Whether it’s instantaneous diagnoses or simply making patients more directly responsible for their own wellbeing, there are plenty of things that are exciting about the tech-driven healthcare revolution. But one major question mark regarding individuals’ access to their health records is the issue of security and privacy — and how to put this into place in an affordable way.
According to a new piece of research, investigators at Binghamton University in New York think the best way to do it might be by using a patient’s own unique, distinctive heartbeat as a form of password.
“The proposed solution applies one extra layer of security protection on patients’ health data collected from emerging wearable gadgets or mobile devices,” Zhanpeng Jin, assistant professor in the Department of Electrical and Computer Engineering, told Digital Trends. “The key goal is to reduce the computational overhead involved in protecting the sensitive personal health data.”
The idea revolves around the fact that, in many cases, electrocardiograms (ECGs) have been collected from patients for a clinical diagnostic purpose. As a result, there is the added possibility of reusing them as a security key for protection purposes with a minimum cost.
Accessing medical records could then be achieved by their rightful owner using a biosensor attached to the skin.
This isn’t the first time Jin has investigated the possibility of biometrics to establish a person’s identity. Previous work, which this current project builds on, involved reading a person’s unique “brain prints” to grant them access to computers or buildings.

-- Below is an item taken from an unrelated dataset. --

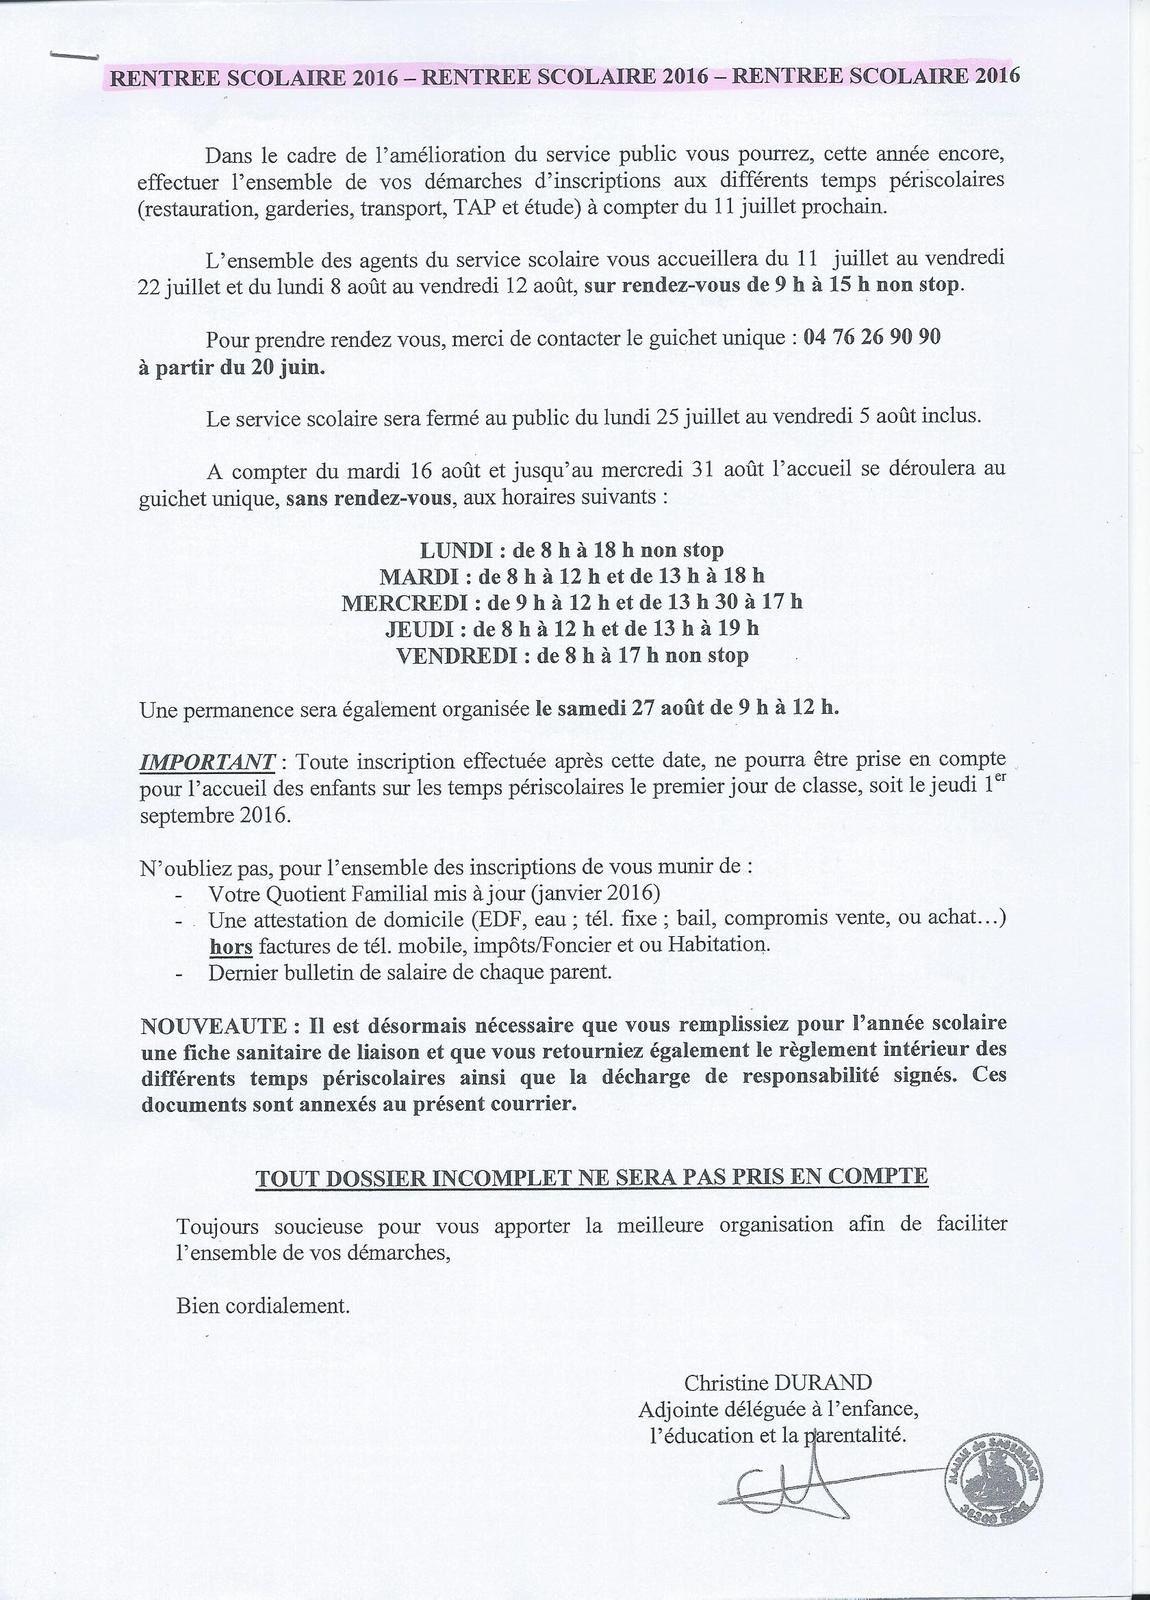 Child Psychiatrist Resume Laborer Resume Template Sap Bpc Resume ...
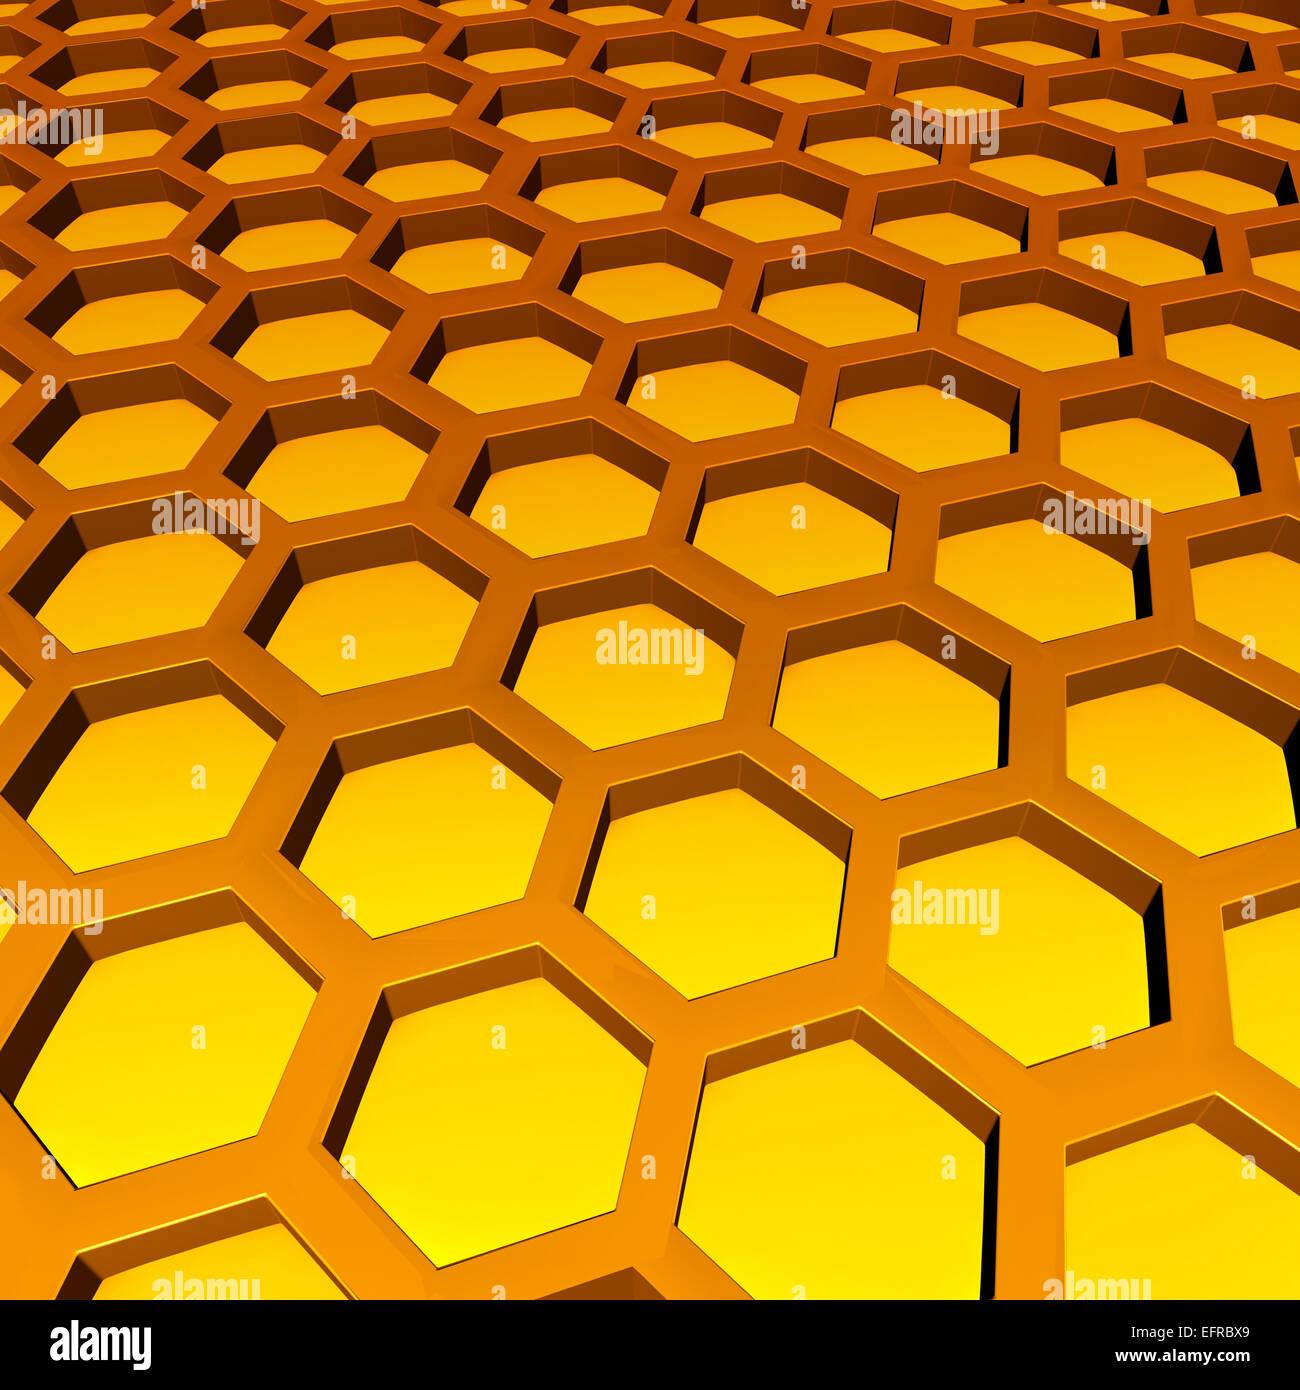 Waben Sie-Muster als drei dimensionale Sechseck Zelle Geometrien mit ...

As Jin explained, ECG readings aren’t 100 percent perfect yet, but they could work effectively alongside another form of a password.
“Compared to existing biometric approaches, no matter the conventional fingerprint or the advanced brain print we proposed before, ECGs are more vulnerable to variations, which may be caused by individuals’ physical activities [or] mental states,” Jin said. “That’s also the reason that ECG hasn’t been widely adopted in identifying and authenticating individuals, as a standard biometric. [But] the unique nature of ECG can make it [valuable] as a perfect secondary authentication approach, especially for this telemedicine or mobile health domain, because ECG is one of most significant physiological signals that must be acquired for clinical purpose.”